Build the Spark development environment under Ubuntu

Source: Internet
Author: User

  • Ubuntu Basic Environment Configuration

      • installation JDK , download jdk-8u45-linux-x64.tar.gz , unzip to /opt/jdk1.8.0_45

    : http://www.oracle.com/technetwork/java/javase/downloads/index.html

      • installation Scala, Download scala-2.11.6.tgz , unzip to /opt/scala-2.11.6

    Address: http://www.scala-lang.org/

      • installation Spark , download spark-1.3.1-bin-hadoop2.6.tgz , unzip to /opt/spark-hadoop

    : http://spark.apache.org/downloads.html,


        • Configuring environment Variables , Edit /etc/profile, execute the following command      

Python@ubuntu: ~$ sudo gedit/etc/profile

The maximum number of files added:

#Seeting JDK JDK Environment Variables

Export java_home=/opt/jdk1.8.0_45

Export JRE_HOME=${JAVA_HOME}/JRE

Export Classpath=.:${java_home}/lib:${jre_home}/lib

Export Path=${java_home}/bin:${jre_home}/bin: $PATH

#Seeting Scala Scala Environment Variables

Export scala_home=/opt/scala-2.11.6

Export Path=${scala_home}/bin: $PATH

#setting Spark Spark environment variables

            export spark_home=/opt/spark-hadoop/

      #PythonPath spark pyspark python environment

          Export Pythonpath=/opt/spark-hadoop/python

      Restart the computer, make /etc/profile Permanent, temporary effective, open command window, execute source/etc/profile Takes effect in the current window

    • Test the installation Results

      • Open a Command window and switch to Spark root directory

      • Execution ./bin/spark-shell, Open Scala to the Spark The Connection window    

There is no error message during startup. scala> , start successfully

      • Execute ./bin/pyspark, open the Python Connection window to Spark

There is no error during startup and the startup succeeds when it appears as shown above.

      • access via browser: The following page appears

Test Spark available .

  • Python Hair Spark Application

      • Front set Pyspark add to Python

      • open spark install directory, python- build py4j, python

      • Open a command-line window, enter Python,python version is 2.7.6 , and note Spark not supported Python 3

      • input Import Pyspark , as shown, to prove the completion of the pre-development work

      • Use Pycharm to create a new item, use the code in the Red box to test:


Build the Spark development environment under Ubuntu

Contact Us

The content source of this page is from Internet, which doesn't represent Alibaba Cloud's opinion; products and services mentioned on that page don't have any relationship with Alibaba Cloud. If the content of the page makes you feel confusing, please write us an email, we will handle the problem within 5 days after receiving your email.
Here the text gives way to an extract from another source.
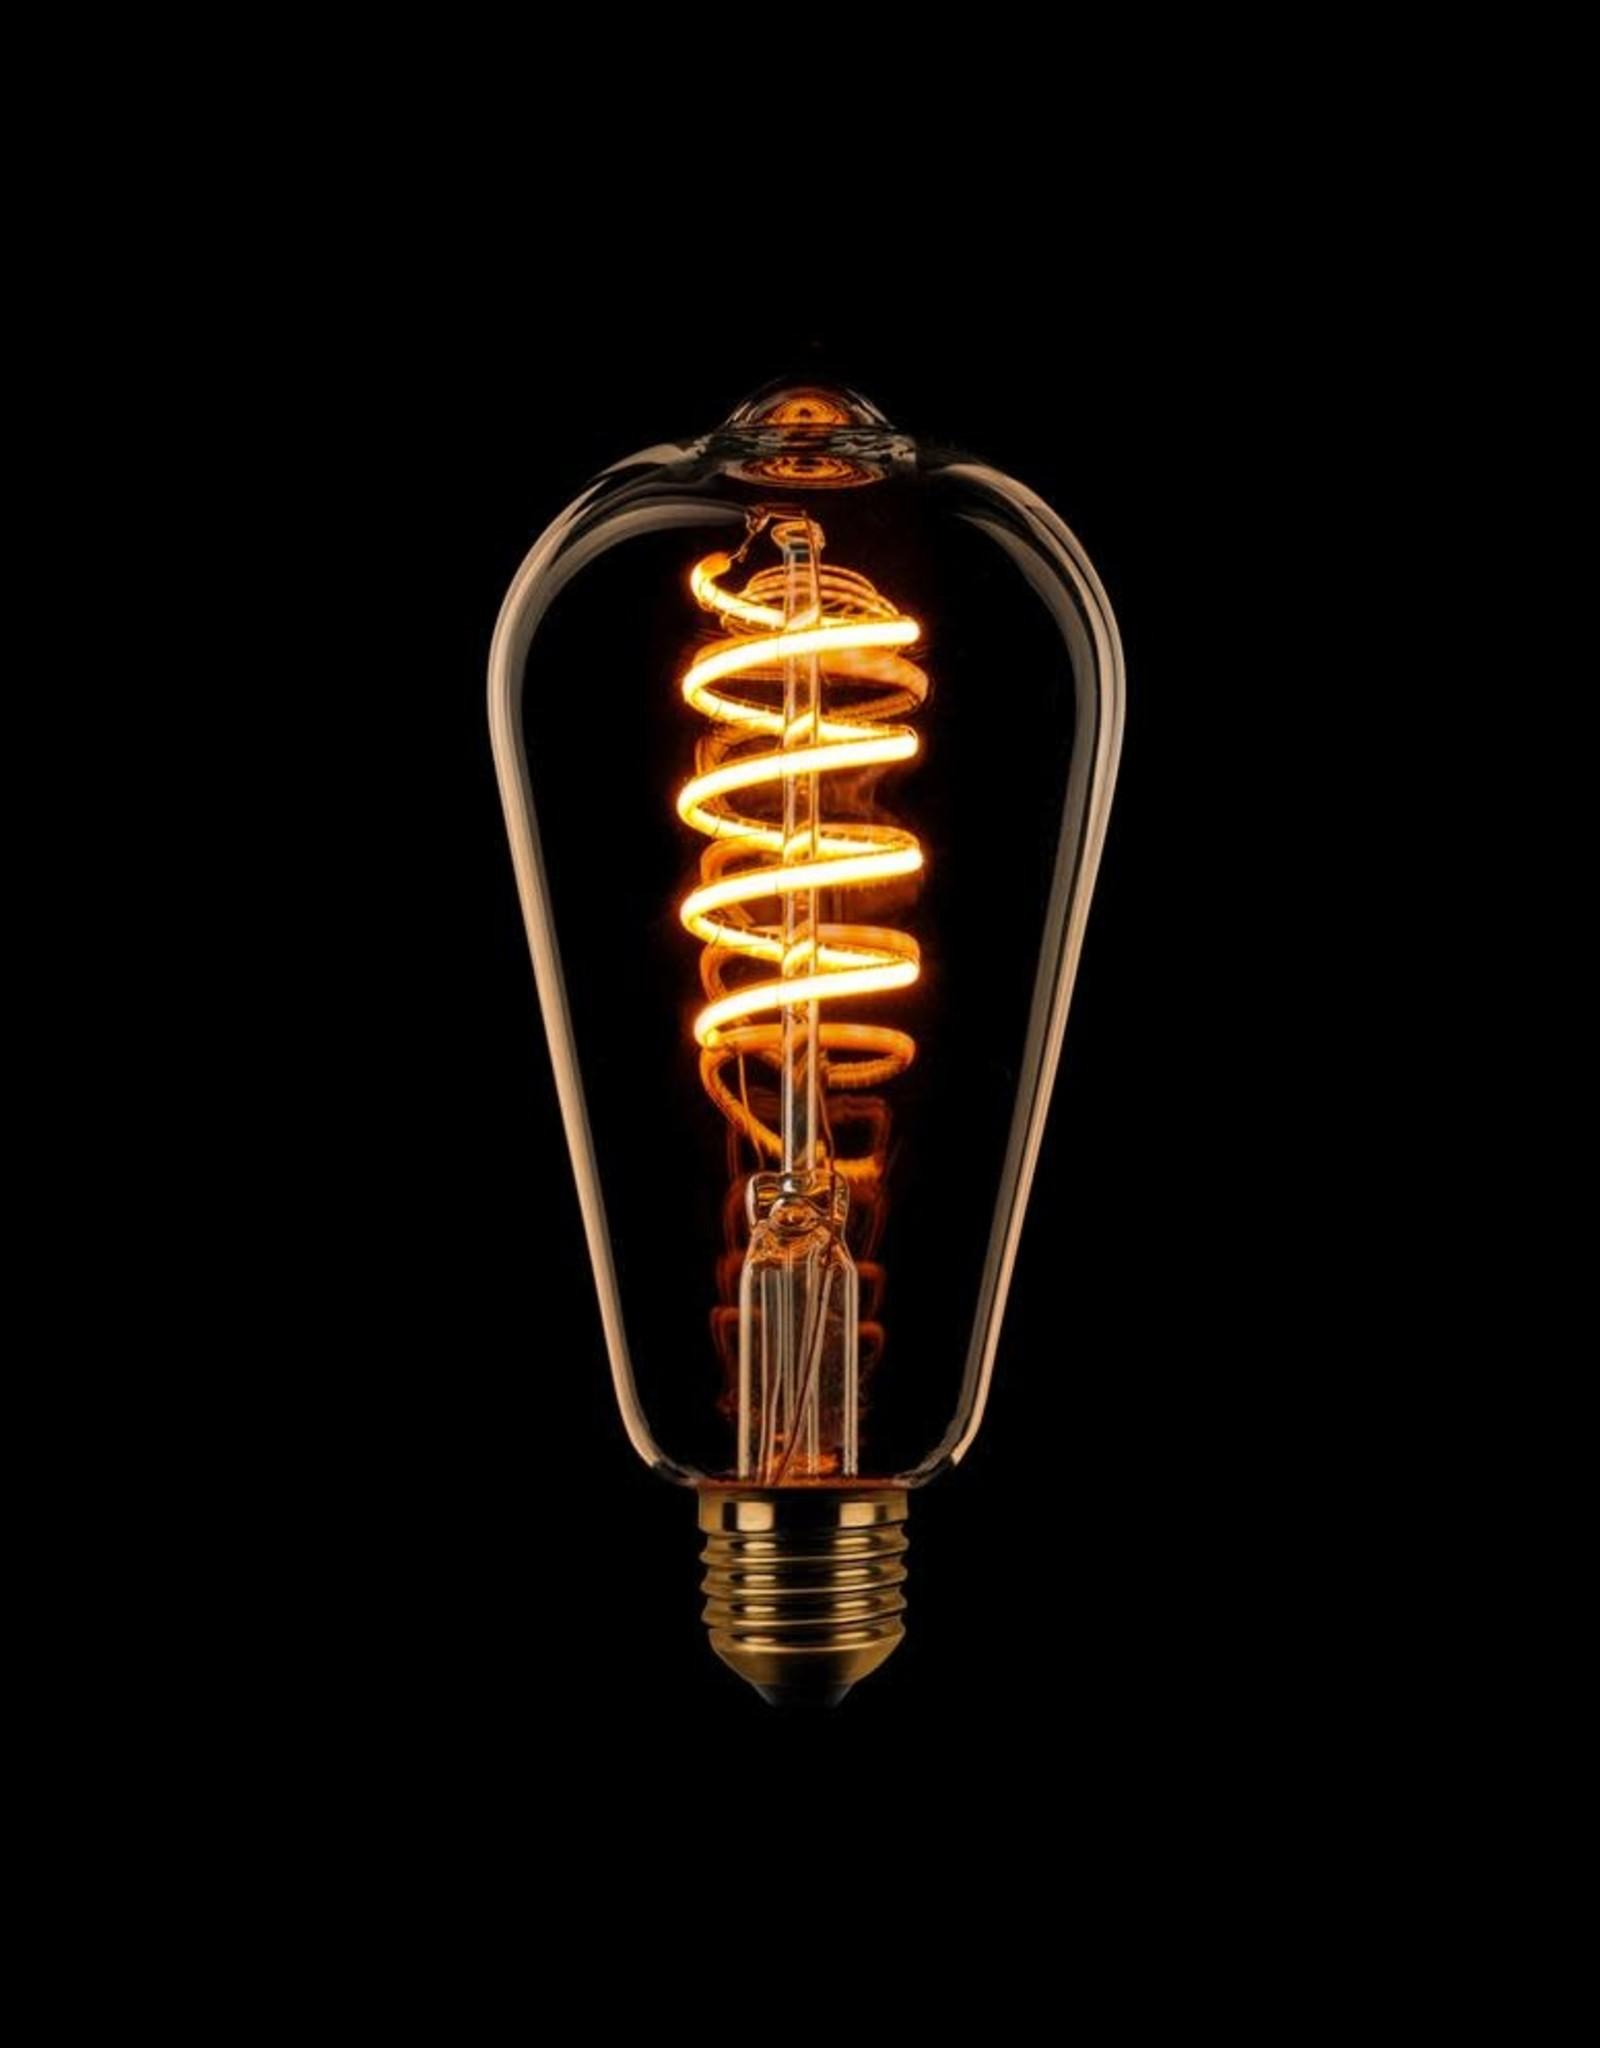 LED Lamp Edison filament spiraal - 3 stappen dimbaar - E27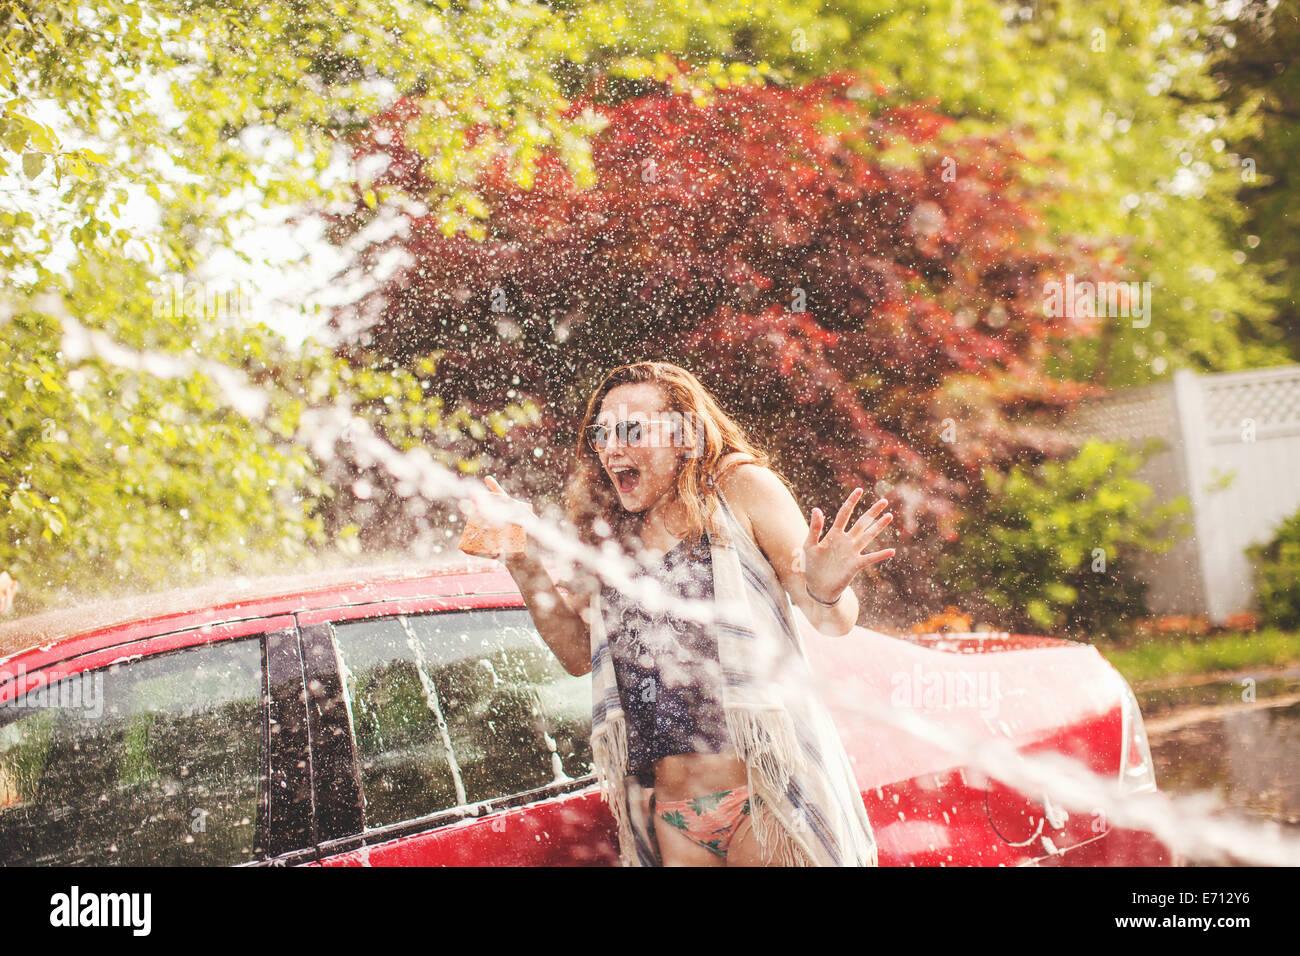 Giovane donna che viene spruzzato con acqua Immagini Stock

If you find any instances of plagiarism from the community, please send an email to: info-contact@alibabacloud.com and provide relevant evidence. A staff member will contact you within 5 working days.

A Free Trial That Lets You Build Big!

Start building with 50+ products and up to 12 months usage for Elastic Compute Service

  • Sales Support

    1 on 1 presale consultation

  • After-Sales Support

    24/7 Technical Support 6 Free Tickets per Quarter Faster Response

  • Alibaba Cloud offers highly flexible support services tailored to meet your exact needs.